But I had an incredible conversation with an American writer called Audra Mae. Something really spooky happened before. She was told by a psychic in LA that she would meet a girl, and she would be the only one that understood the girl there. And she believed that that girl was me.

GARCIA-NAVARRO: That's amazing.

CROOKES: It was crazy. And we spoke for two hours. She had me in tears. And it was when she got up and said, right, you have a song, I'm out of here, where I kind of freaked out, but then realized that I was in very safe hands. And because of that safety she'd built for me to speak how I wanted to speak, that was it.

(SOUNDBITE OF SONG, "POWER")

CROOKES: (Singing) Power, you can't take my power. You've got nothing on me.

GARCIA-NAVARRO: Do you imagine who this album might be for, I mean, when you're making something like this? Because to me, what's so interesting about your music is that it has this universality - right? - but it's also very specific. And I think that it gives it a real authenticity because of that.

CROOKES: Yeah. I think that the beauty about art in general is that you kind of have no control after it's out. And I'm very accepting of the fact that it's like that, because as a consumer of music myself, I love the fact that I can pick up bodies of work and feel like the song was written for me, tailored for me, when it was actually completely tailored to someone else's life.
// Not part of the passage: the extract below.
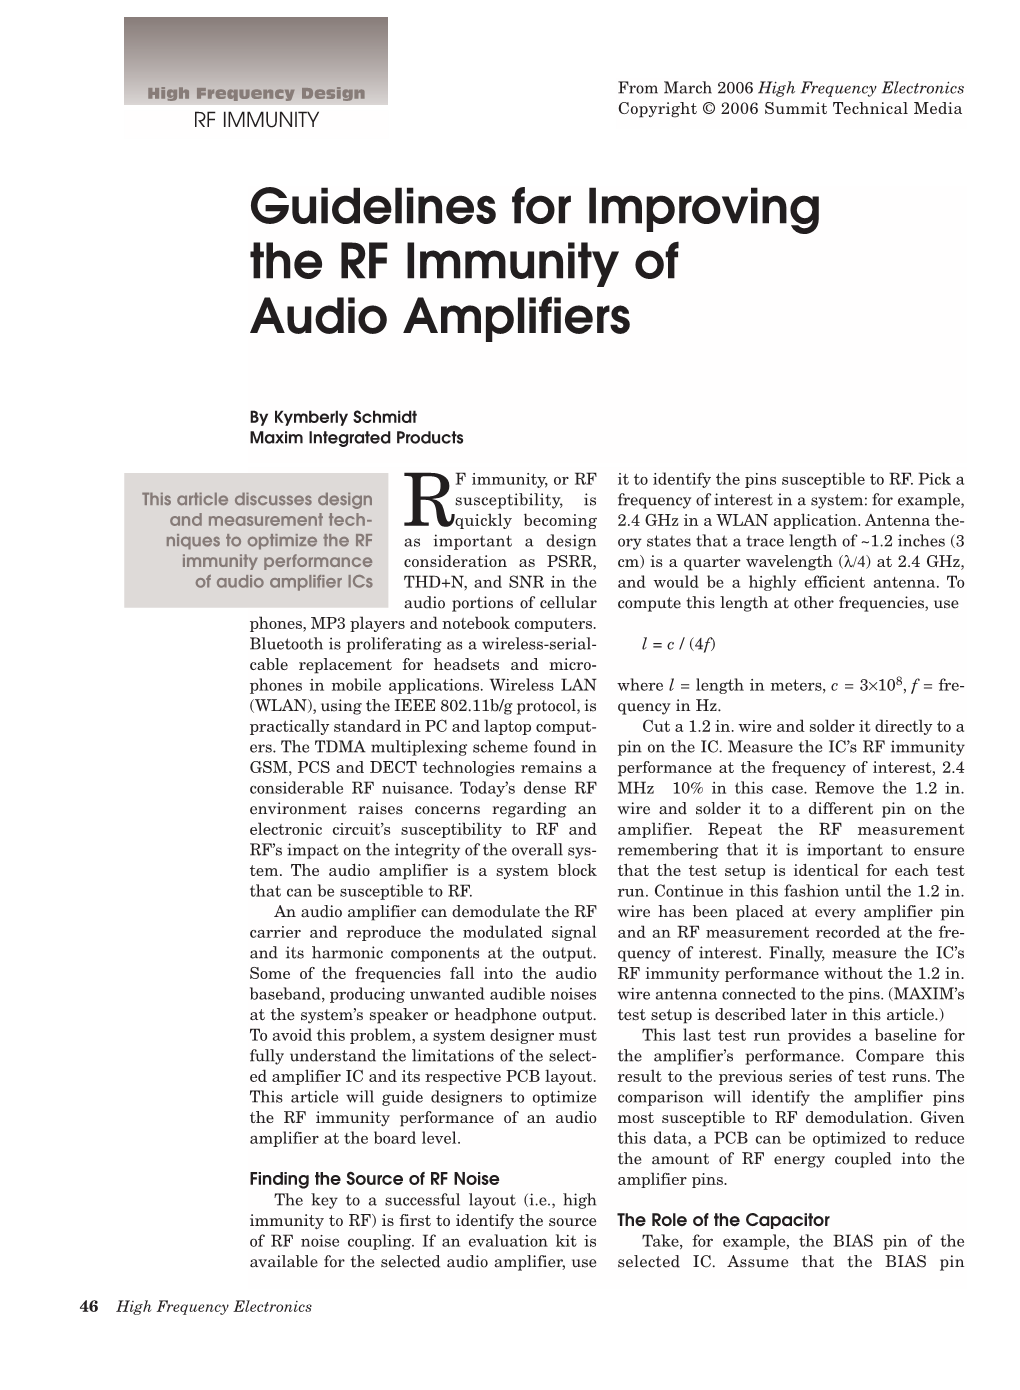 Guidelines for Improving the RF Immunity of Audio Amplifiers
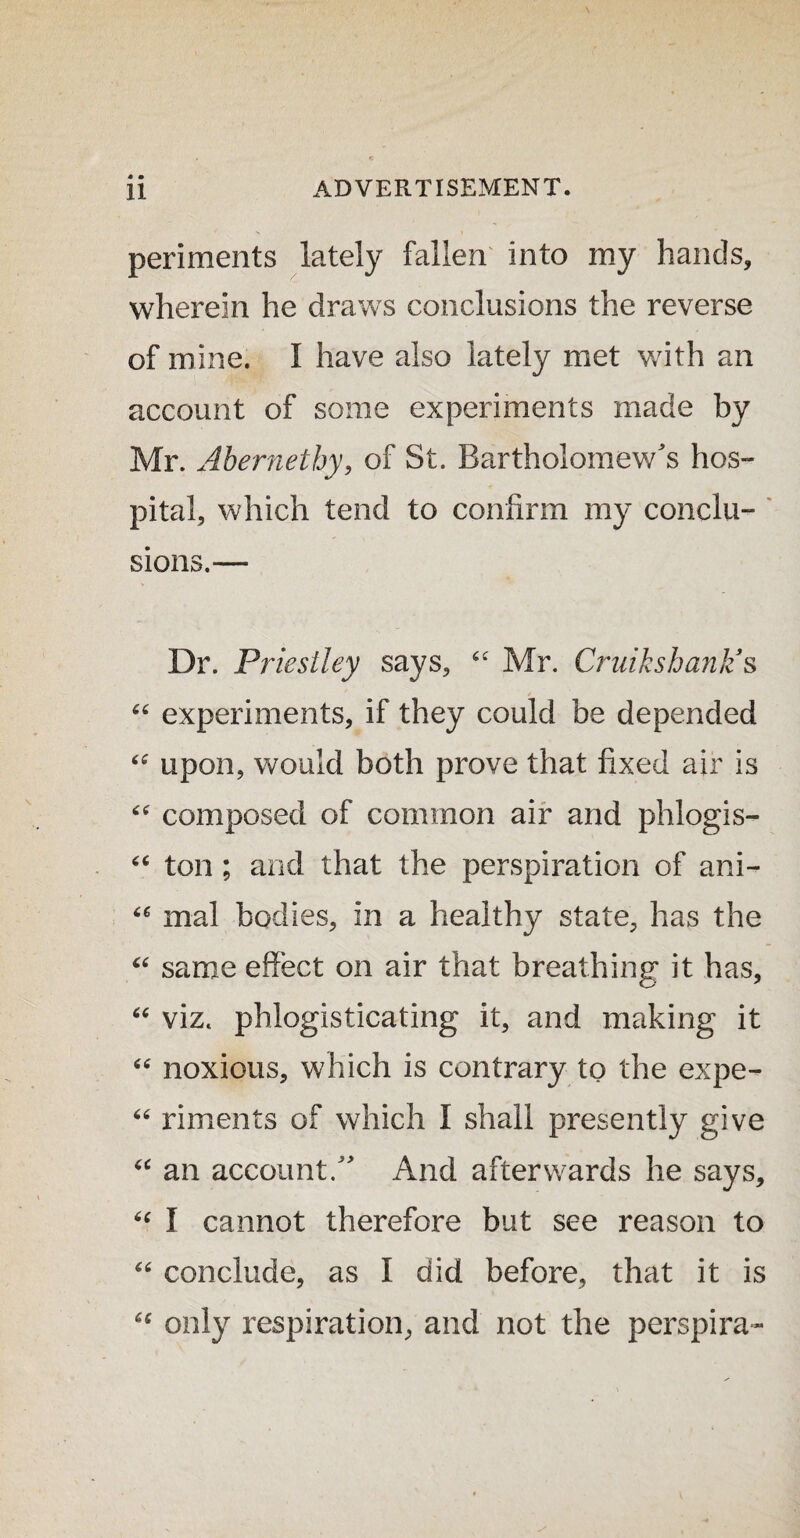 * • periments lately fallen Into my hands, wherein he draws conclusions the reverse of mine. I have also lately met with an account of some experiments made by Mr. Abernethy, of St. Bartholomew's hos¬ pital, which tend to confirm my conclu¬ sions.— Dr. Priestley says, 44 Mr. Cruikshanlz s 44 experiments, if they could be depended 44 upon, would both prove that fixed air is 44 composed of common air and phlogis- 44 ton ; and that the perspiration of ani- 44 mal bodies, in a healthy state, has the 44 same effect on air that breathing it has, 44 viz. phlogisticating it, and making it 46 noxious, which is contrary to the expe- 44 riments of which I shall presently give 44 an account. And afterwards he says, 44 I cannot therefore but see reason to 44 conclude, as I did before, that it is 44 only respiration, and not the perspira-

And then what that person looks like doesn't really matter to me. And if there is a connection, there is. And if there isn't, that's absolutely fine, as well.

GARCIA-NAVARRO: Joy Crookes's new album is called "Skin," and it is out now. Thank you very much.

CROOKES: Thank you so much, Lulu. Thank you for having me on the show.

(SOUNDBITE OF SONG, "TO LOSE SOMEONE")

CROOKES: (Singing) To love someone is to lose someone.